For farmer Lee, low produce prices are an additional problem, and that’s why he’s turned to other sources of revenue like a small hotel and beer garden he’s built on his farm to attract tourists to the region.
But Lee says the bigger problem is the Green Party itself. “It’s definitely an agenda to get rid of small farming businesses,” he says of the Greens’ policies. “They tell us the opposite. The first farms that go bankrupt are small farms because they can’t cope with this system.”
Lee has taken to YouTube to air his grievances — where his hundreds of videos have more than 24 million combined views.
He’s running for EU Parliament for the right-wing Free Voters party.
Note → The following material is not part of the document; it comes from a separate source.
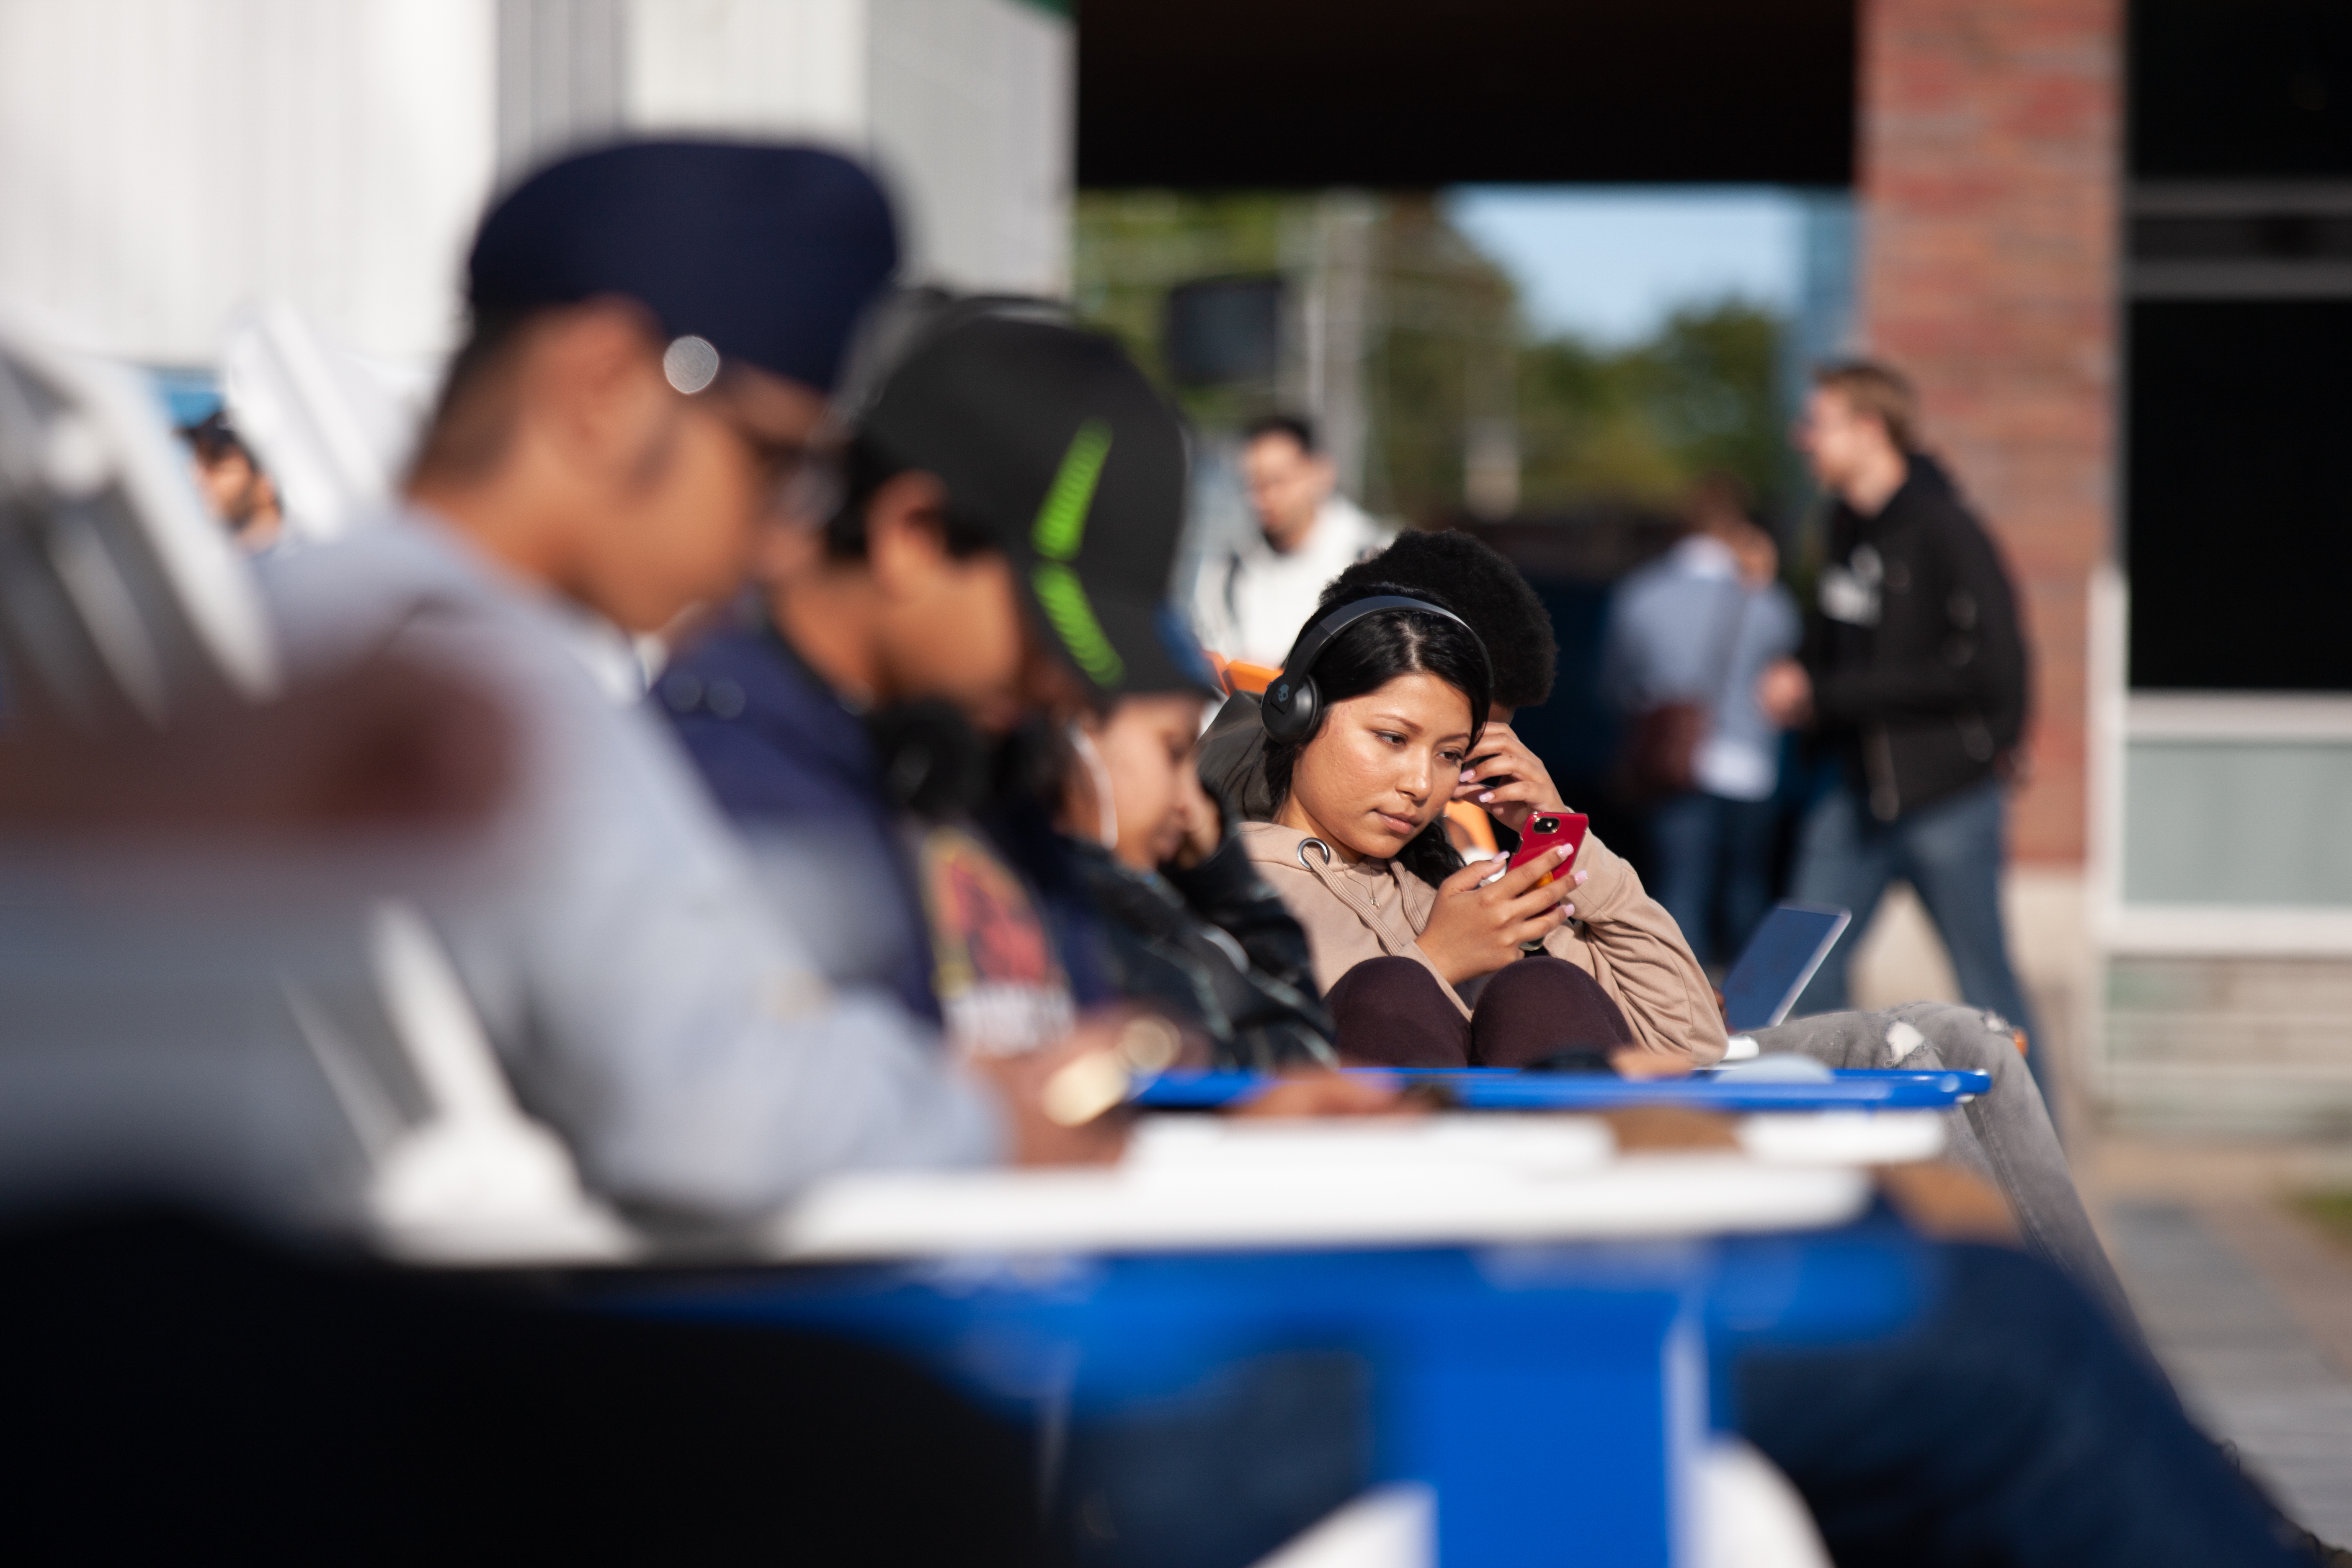 an individual sitting down looking at their phone, the photo has students surround blurred.
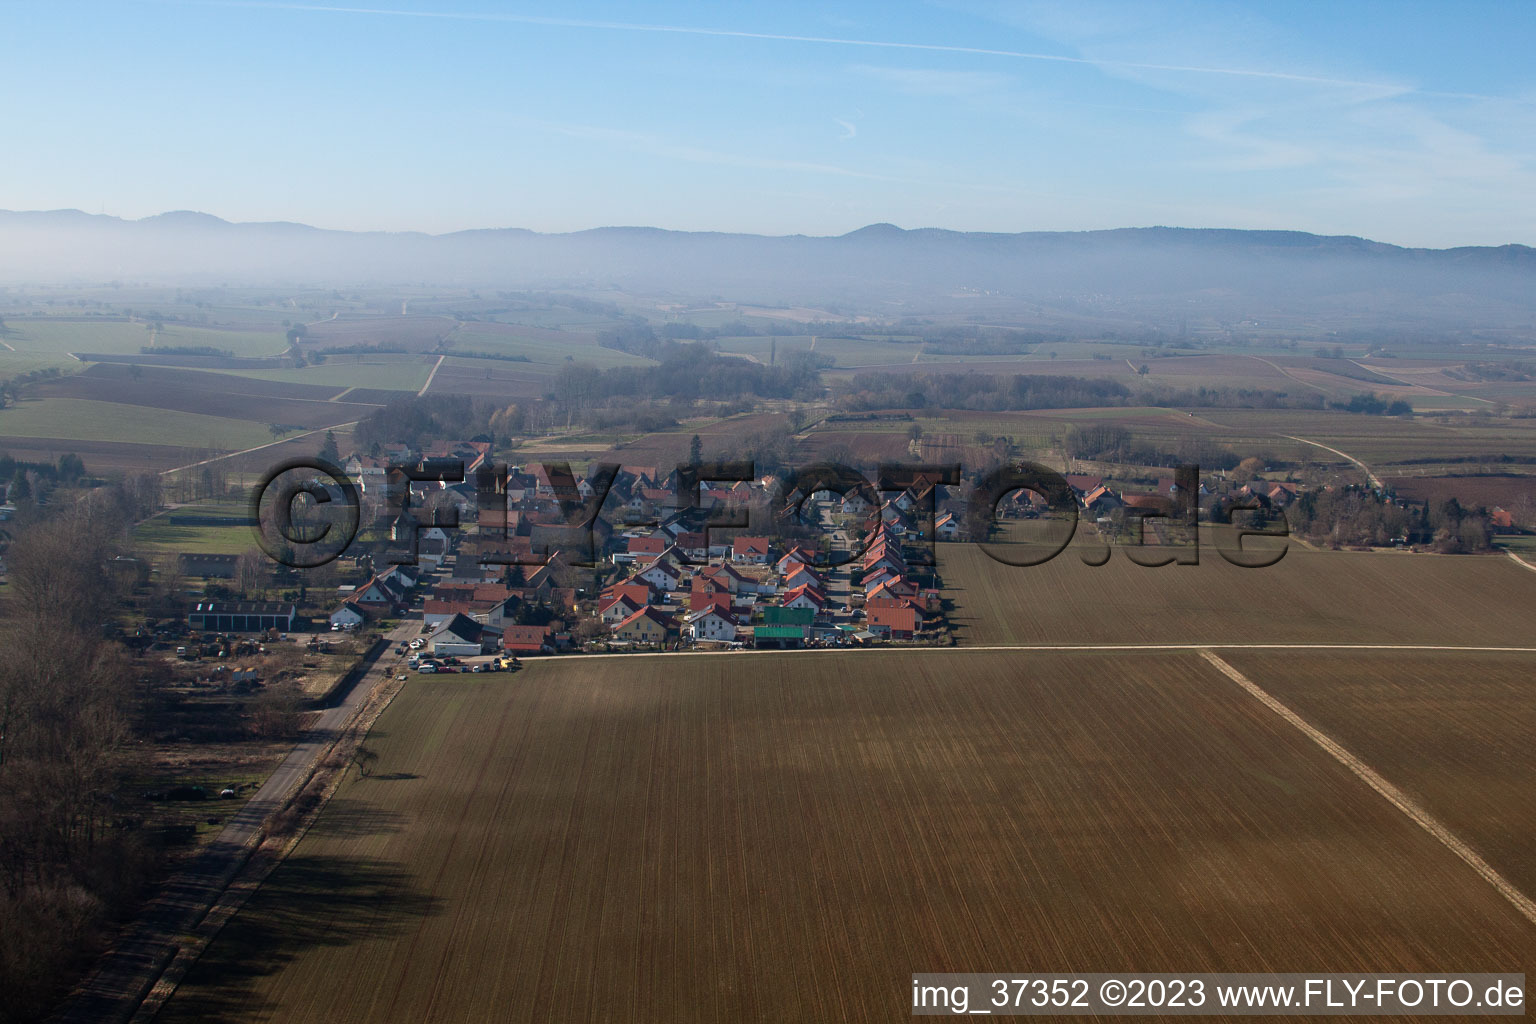 District Kleinsteinfeld in Niederotterbach in the state Rhineland-Palatinate, Germany seen from a drone

He has attracted media attention for blaming politicians for wanting to take farmers’ land to build housing for refugees, a claim for which he provided no evidence.
Lee shrugs off this criticism, saying he does not belong to the far-right. He says he’s simply a family farmer who wants the EU to return more decision-making powers to those who work the land and feed Europe.
Esme Nicholson contributed to this report from Berlin.